Background technology
Malignant tumour is that current serious affects one of human health, the major disease threatening human life, and current clinical treatment mainly adopts radiotherapy and chemotherapy.But some malignant tumour is insensitive to radiotherapy, easily produces resistance to chemotherapy, and this treatment plan is usually with obvious toxic action.Therefore, research selectively killing tumour cell and not affect Normocellular method extremely important to oncotherapy, the method of this selectively killing tumour cell depends on the specific marker of tumour cell, and its curative effect also depends on whether this specific marker is strictly limited in tumour cell.

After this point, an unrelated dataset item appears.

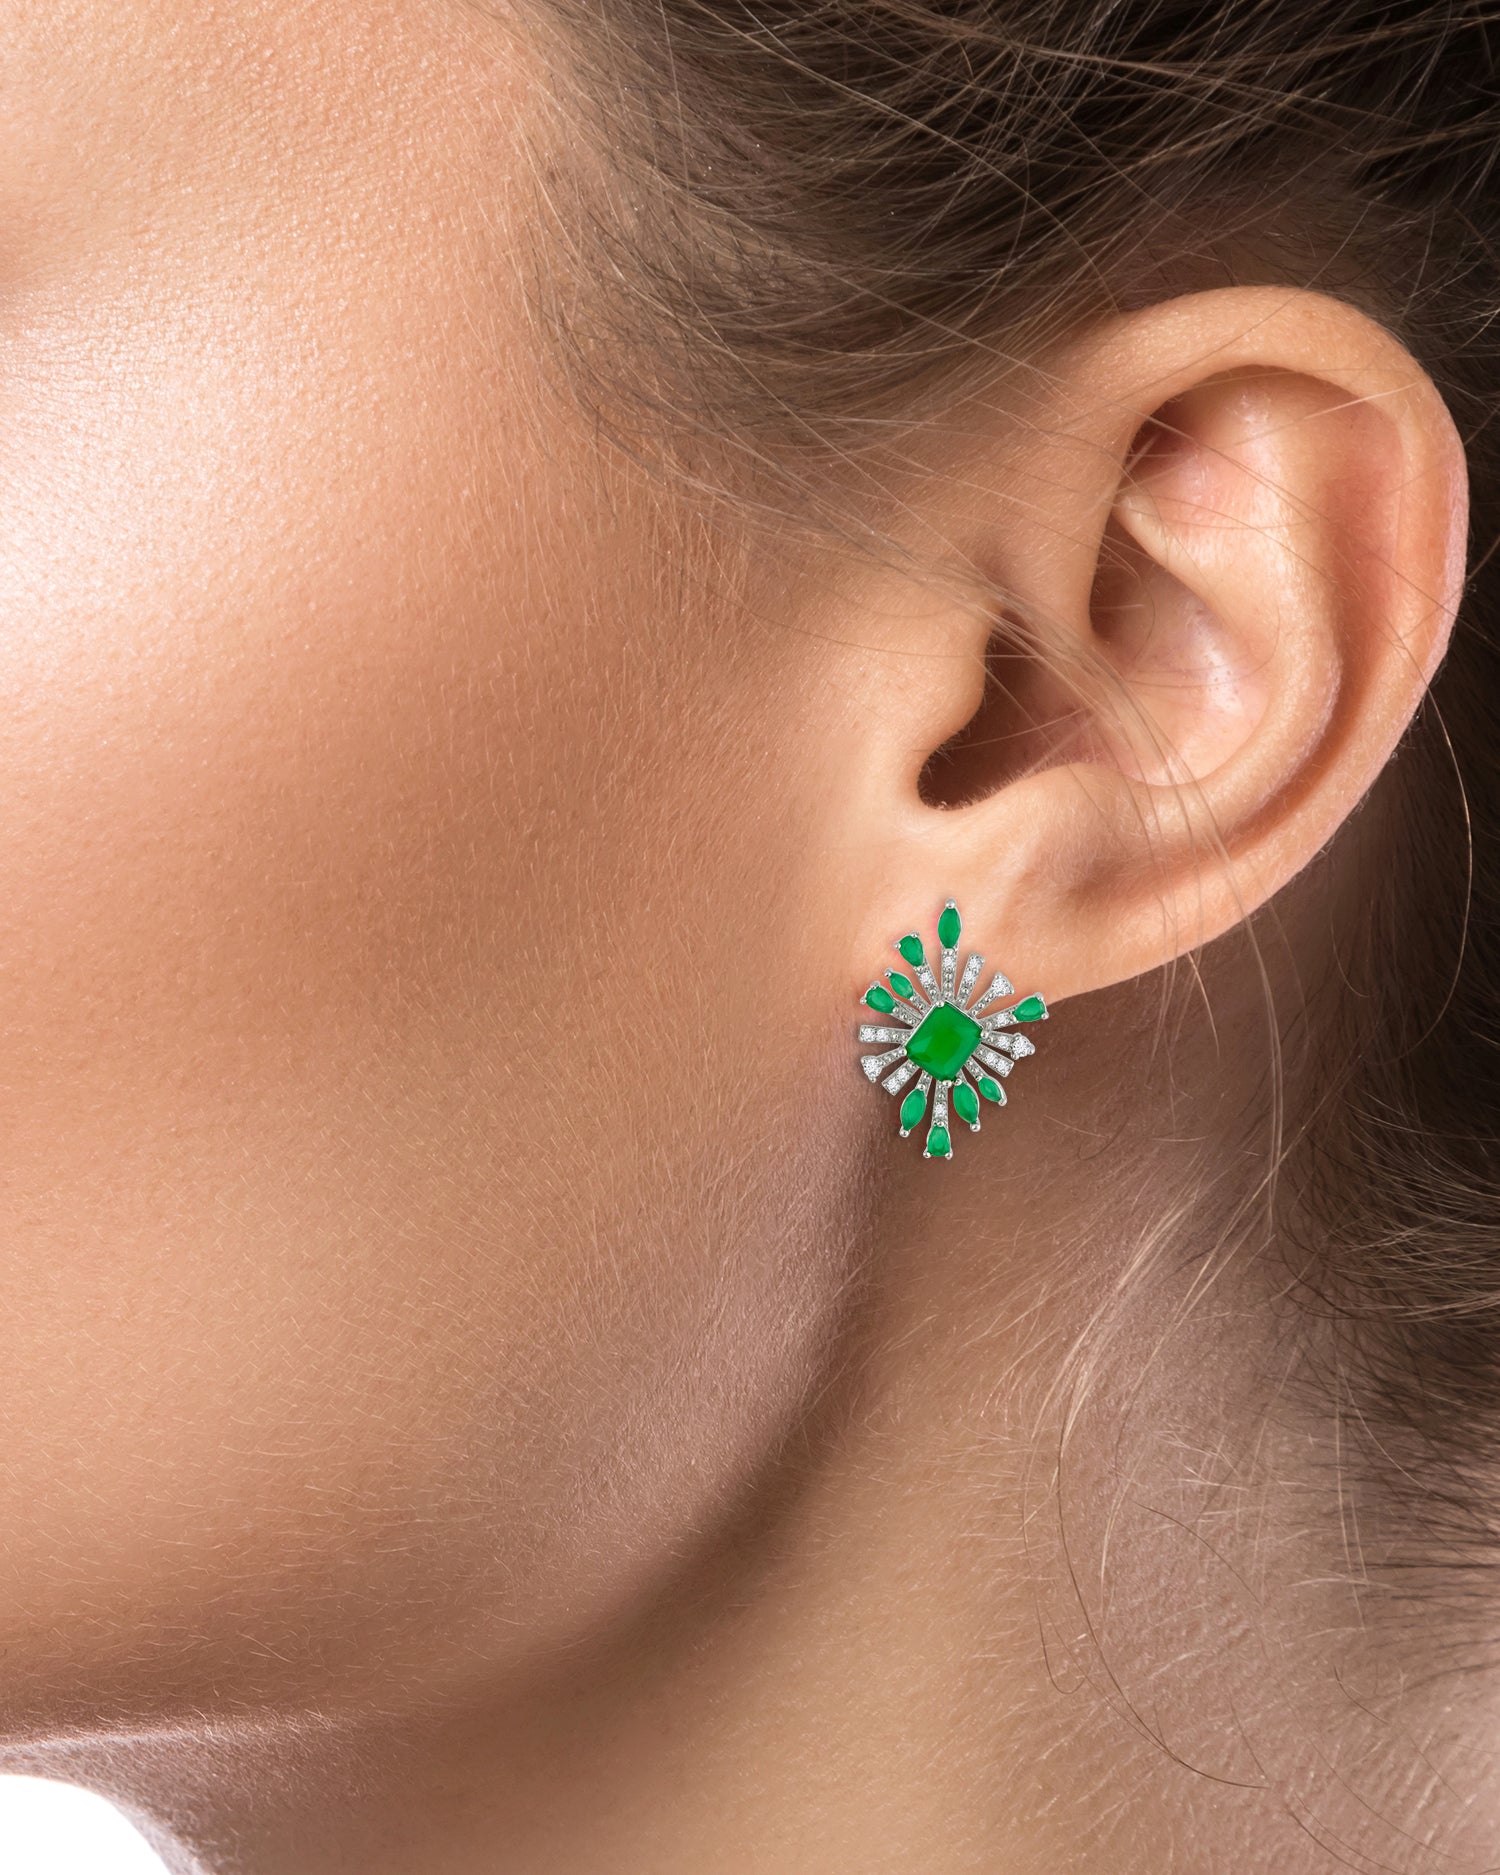 Emerald and Pave Burst Earrings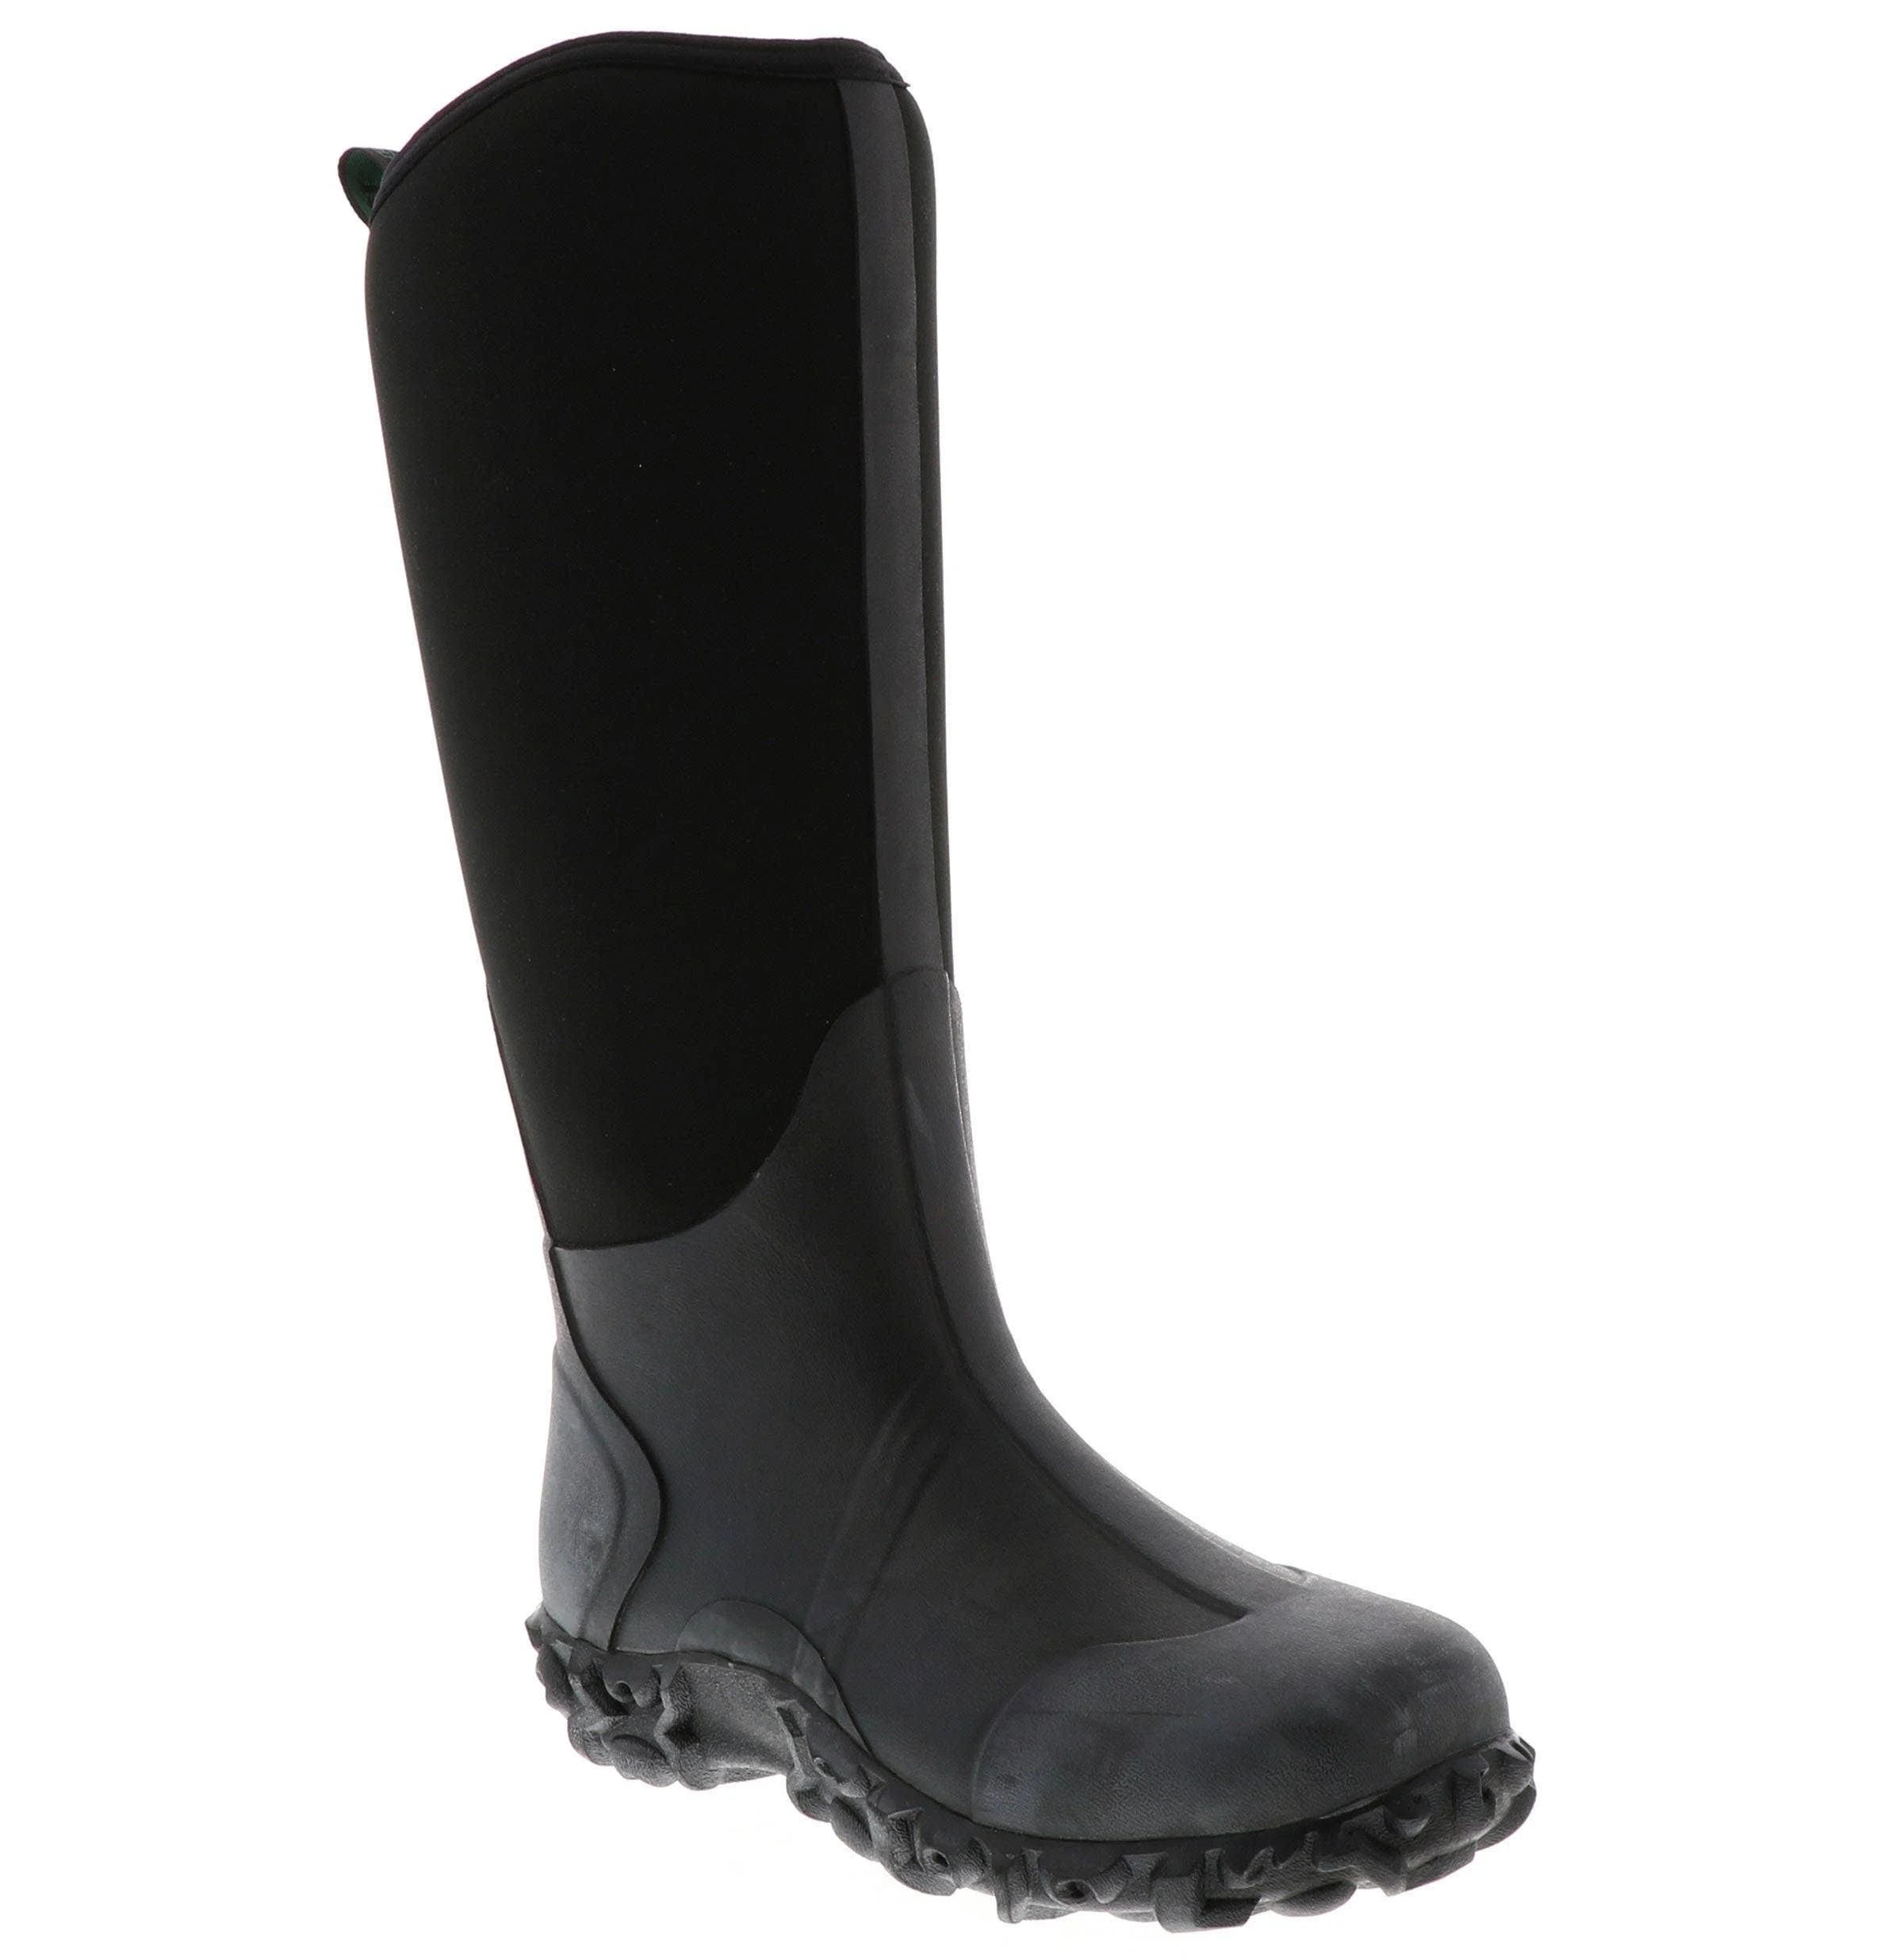 Waterproof Neoprene Flap Over Boots with Cushioned Insole | Image

Telomere is the structure of eukaryotic cell protection end of chromosome, and normal cell often divides once, and telomere will shorten, and can cause necrocytosis when telomere foreshortens to a certain degree.And when cell cancerates, its Telomerase is activated, the shortening of telomere caused by tumour cell division is extended further, thus remain chromosomal stable, cell evasion death is immortalized, finally cause tumour cell constantly to rise in value, therefore Activation of Telomerase occurs and its keying action in evolution at tumour cell.Telomerase is all positive at about 90% tumour cell, and thumping majority normal cell Telomerase is feminine gender, and therefore Telomerase can be used as a kind of characteristic marker of tumour cell.Up to the present, the Telomerase of people is made up of three parts: 1) RNA component (hTERC); 2) telomere enzyme binding protein (TEP1); 3) telomere reversed transcriptive enzyme (hTERT).Nearest research shows that telomere reversed transcriptive enzyme (hTERT) plays a decisive role in telomerase activation, and in thumping majority tumour cell or tumor cell line, telomere reversed transcriptive enzyme is high level expression, and does not express or low expression level in normal cell.
Normocellular energy is mainly derived from glucose, in the well-off situation of oxygen, normal cell tissue is mainly through glycolysis-and mitochondrial respiratory two steps, glucose oxidase is become carbonic acid gas and water, for cell biological activity provides energy, time oxygen is under-supply, rely on glycolysis-supplying energy.Even if malignant cell is under the well-off condition of oxygen, still high glycolysis-ratio is had to be a specific performance of malignant tumour energy metabolism aspect, before 80 years, first OttoWarburg finds this phenomenon in liver cancer cell, and this phenomenon is called as Warburg effect.Hexokinase is the attemperator of glycolysis-and energy metabolism, and in malignant cell, hexokinase II (HKII) expresses and increases.HKII is the tumour cell glycolytic ferment of current most study.The people such as Ko are shown by experimentation on animals, HKII Pharmacological inhibitors (3-BrPA) local and systemic administration can kill most of liver transplantation knurl and pulmonary metastases, but to all normal liver tissues of cancer and the harmless effect of other main organs, HKII is suppressed to have obvious lethal effect (KoYH equally to the tumour cell of chemotherapy resistance, PedersenPL, GeschwindJF.GlucosecatabolismintherabbitVX2tumormodelfor livercancer:characterizationandtargetinghexokinase [J] .CancerLett.2001, 173 (1): 83-91).The height of HKII in malignant tumour is expressed, and is the biological property of malignant tumour, is also the needs of tumour existence.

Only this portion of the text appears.